Western breeze chromogenic immuno-detection kit (Thermo) was used for western blot, following the manufacturer’s guidelines. For detection of YFP fusion proteins, polyclonal anti-GFP antibody (Cat # A11122 from Invitrogen) was used as a primary antibody at a dilution of 1:2000, while goat anti-rabbit antibody conjugated to alkaline phosphatase was used as a secondary antibody. ImageJ was used to quantify the bands following blotting, and the intensities were normalized by total protein abundance obtained from the BCA method.
Microscopy
BW27783 cells transformed with both NYFP and CYFP fusion proteins were inoculated from glycerol stocks into 2 ml of supplemented M9 medium (containing Ampicillin and Chloramphenicol) and grown at 37 °C overnight. The next day, the cultures were diluted 1:100 in 5 ml of supplemented M9 medium containing antibiotics and inducers (0.2% arabinose and 1 mM IPTG), grown at 30 °C for 4–5 h. For live phase contrast images, 2 μl of the culture was directly spotted on 1.5% low melting agarose (Calbiochem) pads. The agarose was dissolved in supplemented M9 medium. Pads were then flipped on a class #1.5 glass dish (Willco Wells), and the images were acquired at room temperature with a Zeiss Cell Observer microscope.
Library generation
Based on the structure of DHFR (PDB: 7DFR), we selected all surface-exposed residues of DHFR (accessibility >80%), excluding its active site and those contacting active site residues within 5 Å radius. There were 85 such positions in DHFR that satisfied the above criteria, and at each of these positions, a VDS library was created. VDS codes for a combination of [ACG][AGT][GC] bases, which in total code for 1530 codons and 1105 amino acids. These codons code for all different amino acid types (hydrophobic, polar, charged); however, they do not incorporate large hydrophobics (F, W, or Y) or proline, and do not incorporate any stop codon. The mutagenesis was carried out on the NYFP-DHFR plasmid in a 96-well PCR plate using a megaprimer-based method, following which the reactions from individual wells were combined, digested overnight using DpnI to remove the WT plasmid, and transformed into DH5-alpha competent cells. A small amount was plated for single colonies, while the rest of the culture was grown overnight in the presence of antibiotics. The plasmid isolated from single clones was sequenced to confirm the presence of mutations. Following this, the library plasmid was isolated from the culture using miniprep.
Sorting of clones
The NYFP-DHFR VDS library plasmid pool was transformed into the background of BW27783 cells containing CYFP-MetF/CYFP-FolK plasmids using a cell: plasmid ratio of 100:1 to minimize chances of multiple plasmids transformed into a single cell. The cultures were grown overnight at 37 °C, and the next day they were diluted 1:100 into fresh supplemented M9 medium containing antibiotics and inducers (0.2% arabinose and 1 mM IPTG). Using the BD FACS Aria Cell Sorter, single clones from the top and bottom 5% of the fluorescence intensity distribution of both cultures were sorted into wells of a 96-well plate that contained fresh supplemented M9 medium without any antibiotics. The single clones were allowed to grow for 3 days, following which they were diluted in medium containing antibiotics and allowed to grow overnight. The next day, after growth in the presence of inducers, fluorescence intensity was measured on the Fortessa analyzer, and those that had a substantial change in fluorescence compared to the WT culture were sent for sequencing to identify the mutation.
Blinding
Data blinding was not relevant for this study; hence, no blinding was done.

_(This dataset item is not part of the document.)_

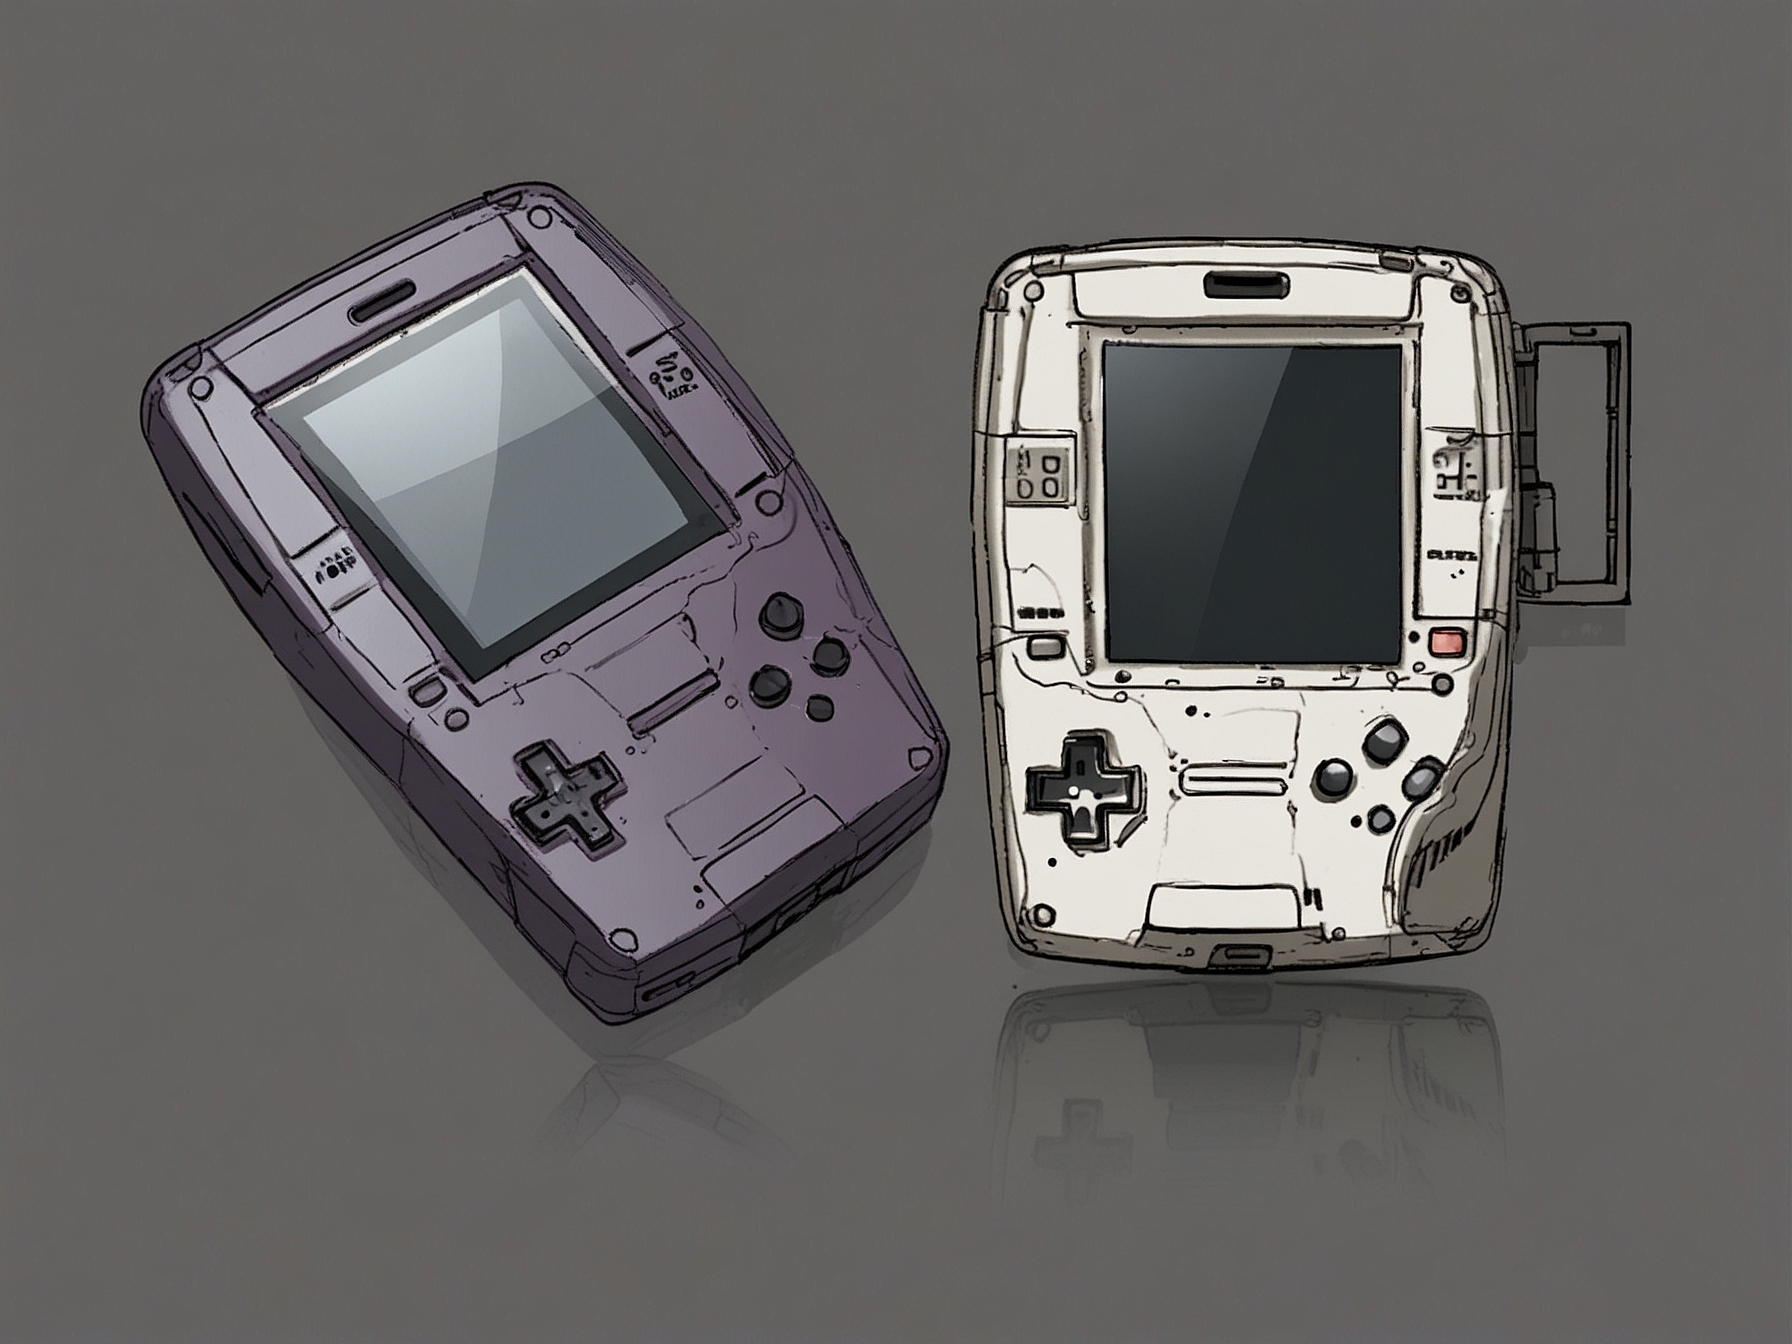 A comparison image showing the Nintendo DS Lite beside the PlayStation Portable, highlighting their design and size differences.

Permutation-based p value estimation for statistical significance of PPI clusters
To assess the statistical significance of observed interaction strengths within specified protein clusters, we employed a non-parametric permutation test. For each cluster, we computed a summary statistic (in this case, median) of the observed fluorescence values and compared it to a null distribution generated by randomly sampling an equal number of protein pairs from the full dataset. This process was repeated 10,000 times to build the empirical null distribution. The empirical p value was calculated as the proportion of null statistics greater than or equal to the observed value, using the following formula:
\documentclass[12pt]{minimal} \usepackage{amsmath} \usepackage{wasysym} \usepackage{amsfonts} \usepackage{amssymb} \usepackage{amsbsy} \usepackage{mathrsfs} \usepackage{upgreek} \setlength{\oddsidemargin}{-69pt} \begin{document}$$p=\;\frac{{{\#}}\left({S}_{{\mbox{null}}}\ge {S}_{{\mbox{obs}}}\right)+1}{N+1}$$\end{document}where Sobs is the observed statistic, Snull are the null statistics, and N is the number of permutations. This method of calculating p value does not require any assumption of normal distribution of the data.
Raman spectroscopy
To better understand any plausible interaction between DHFR and FolK, we performed Raman spectroscopy. As a vibrational spectroscopy technique, Raman spectroscopy provides a host of structural information and hence has been in use for mechanistically probing conformational changes in proteins (Benevides et al, 2003; Rygula et al, 2013; Tuma, 2005). As compared to other spectroscopic techniques, Raman spectroscopy is essentially a non-destructive technique and is known for its high sensitivity. Raman spectroscopy is an informative technique in probing conformational changes upon binding interactions in proteins (Lippert et al, 1976). Conformational changes primarily impact the amide I range (1600–1700 cm^−1^), which arises due to C = O stretching vibrations of the peptide bonds, in turn modulated by the secondary structural elements, viz. helices, sheets, turns, etc. We probed into the secondary structure of DHFR and FolK using Raman spectroscopy with an aim to investigate the solution status after mixing. Any interaction upon mixing would essentially give rise to new spectral features, which, upon careful examination, help in the mechanistic understanding of conformational changes upon binding. Control experiments were run in the presence of ADK (detailed in the “Results” section), and protein concentration in all the acquisitions was kept at 15 µM.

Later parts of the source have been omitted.